# nLab concrete (infinity,1)-sheaf

Contents

### Context

#### $(\infty,1)$-Topos Theory

(∞,1)-topos theory

## Constructions

structures in a cohesive (∞,1)-topos

# Contents

## Idea

Inside a local (∞,1)-topos $\mathbf{H}$ there are objects that may be thought of as ∞-groupoids equipped with extra structure (“cohesive structure” if $\mathbf{H}$ is even a cohesive (∞,1)-topos). These are the concrete objects in $\mathbf{H}$.

## Definition

Let $\mathbf{H}$ be a local (∞,1)-topos.

$\mathbf{H} \stackrel{\stackrel{\overset{Disc}{\leftarrow}}{\underset{\Gamma}{\to}}}{\underset{Codisc}{\leftarrow}} \infty Grpd \,.$

Since $Codisc$ is by definition a full and faithful (∞,1)-functor this means that

$\infty Grpd \stackrel{\overset{\Gamma}{\leftarrow}}{\underset{Codisc}{\hookrightarrow}} \mathbf{H}$

is a geometric embedding. By the discussion at reflective sub-(∞,1)-category this means that $\Gamma$ is the localization of an (∞,1)-category at a class $S \in Mor \mathbf{H}$ of morphisms. It factors therefore canonically through the (∞,1)-quasitopos of $S$-separated $(\infty,1)$-sheaves

$\infty Grpd \stackrel{\overset{\Gamma}{\leftarrow}}{\hookrightarrow} Conc(\mathbf{H}) \stackrel{\overset{concretize}{\leftarrow}}{\hookrightarrow} \mathbf{H} \,.$

We call $Conc(\mathbf{H})$ the (∞,1)-quasitopos of concrete objects of the local $(\infty,1)$-topos $\mathbf{H}$.

###### Definition

We say an object $X$ is $n$-concrete if the canonical morphism $X \to coDisc \Gamma X$ is (n-1)-truncated.

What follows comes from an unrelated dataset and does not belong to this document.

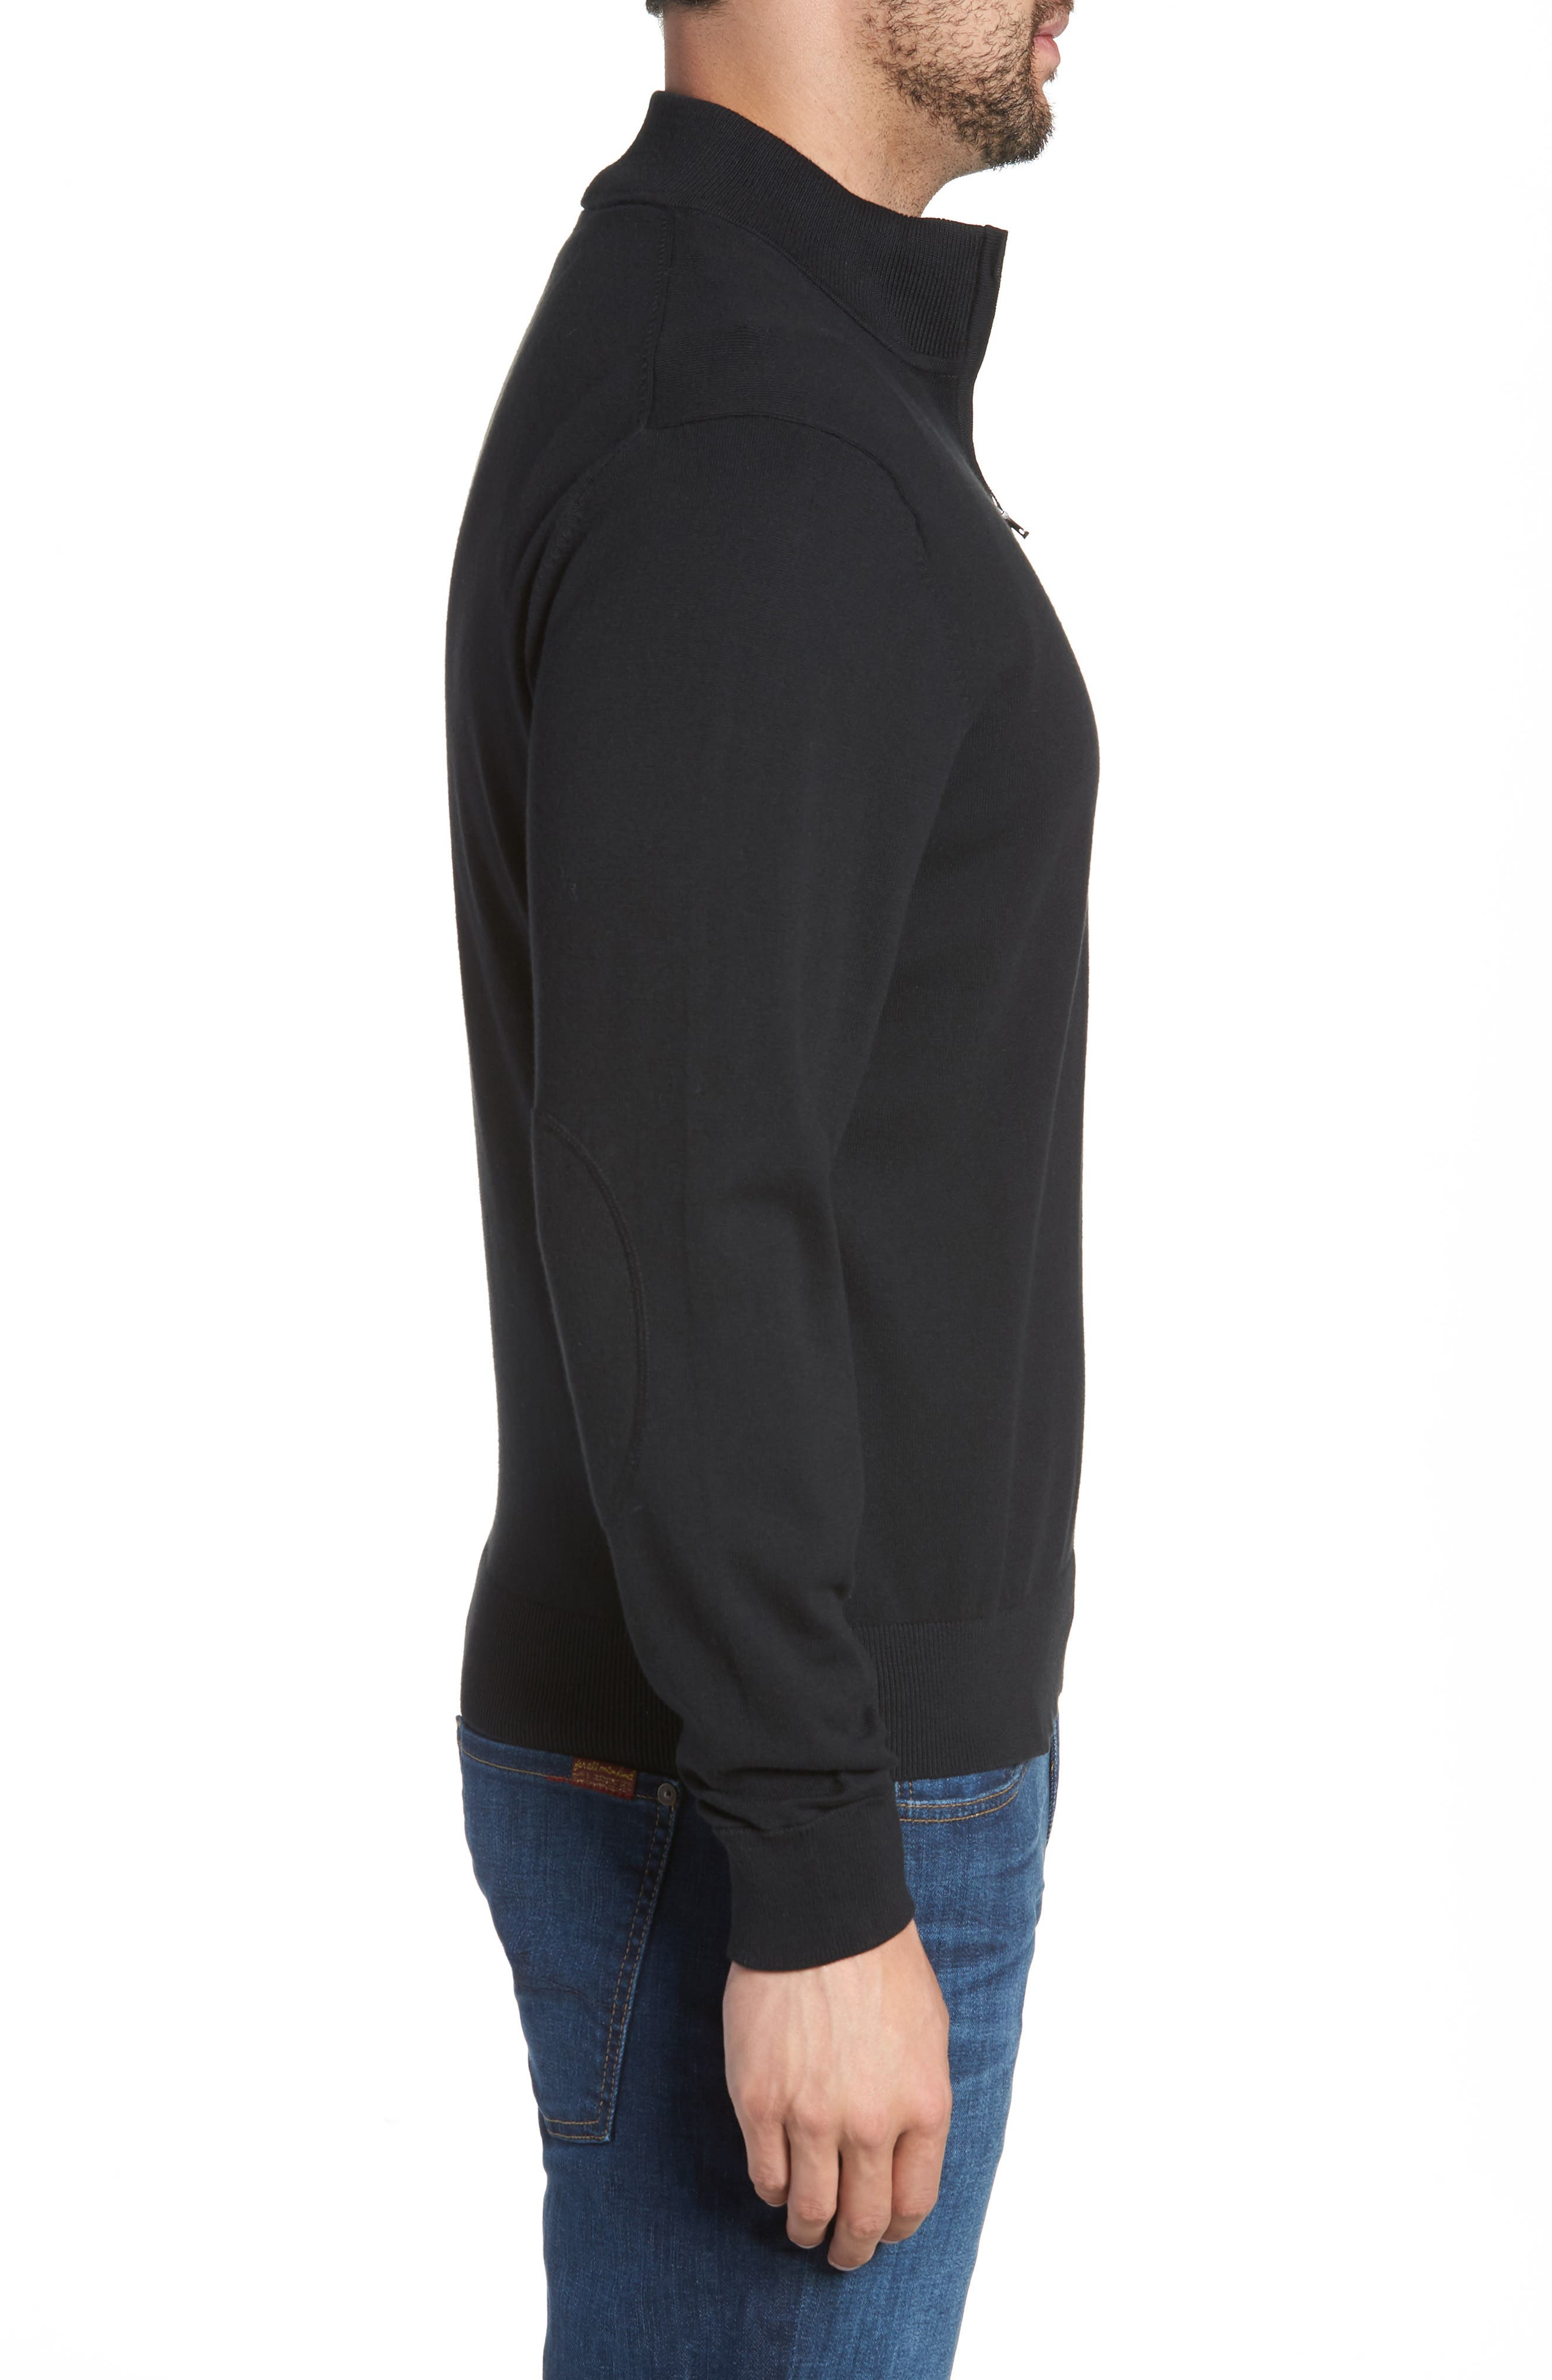 Cleveland Browns - Lakemont Regular Fit Quarter Zip Sweater,                             Alternate thumbnail 3, color,                             BLACK
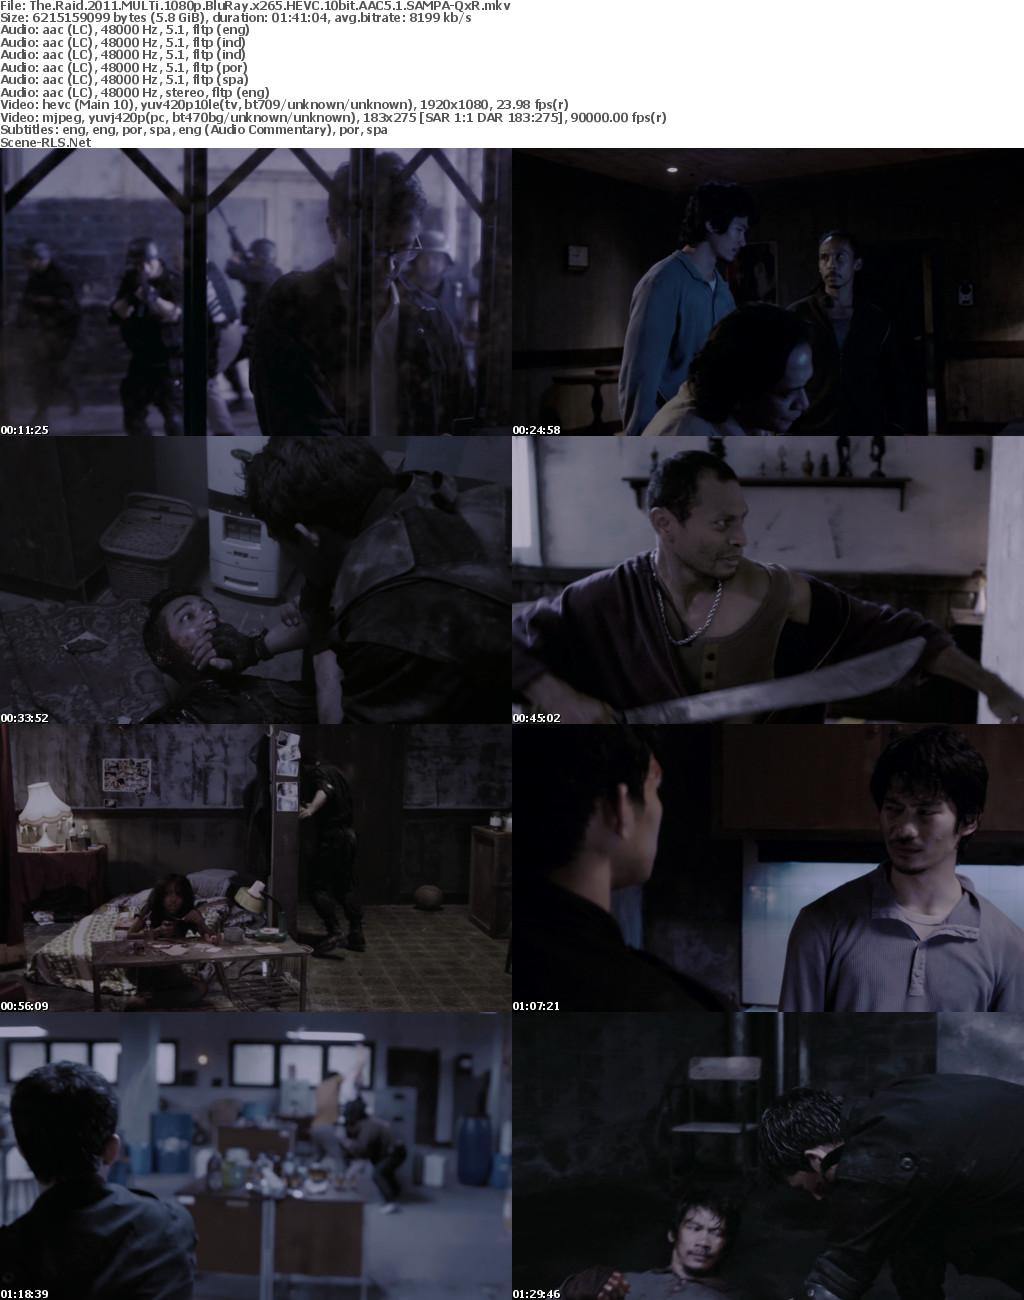 The Raid-Redemption 2011 MULTi 1080p BluRay x265 HEVC 10bit AAC5 1

If a 0-truncated object $X$ is $0$-concrete, we call it just concrete.

###### Proposition

For $C$ an ∞-cohesive site, a 0-truncated object in the (∞,1)-topos over $C$ is concrete precisely if it is a concrete sheaf in the traditional sense.

###### Definition

For $X \in \mathbf{H}$ and $n \in \mathbb{N}$, the $(n+1)$-concretification of $X$ is the morphism

$X \to conc_{n+1} X$

that is the left factor in the decomposition with respect to the n-connected/n-truncated factorization system of the $(\Gamma \dashv coDisc)$-unit

$\array{ && conc_{n+1} X \\ & \nearrow && \searrow \\ X &&\to&& coDisc \Gamma X } \,.$
###### Remark

By that very n-connected/n-truncated factorization system we have that $conc_{n+1} X$ is an ${n+1}$-concrete object.

## Examples

• concrete sheaf

• concrete $(\infty,1)$-sheaf

This entry goes back to some observations by David Carchedi.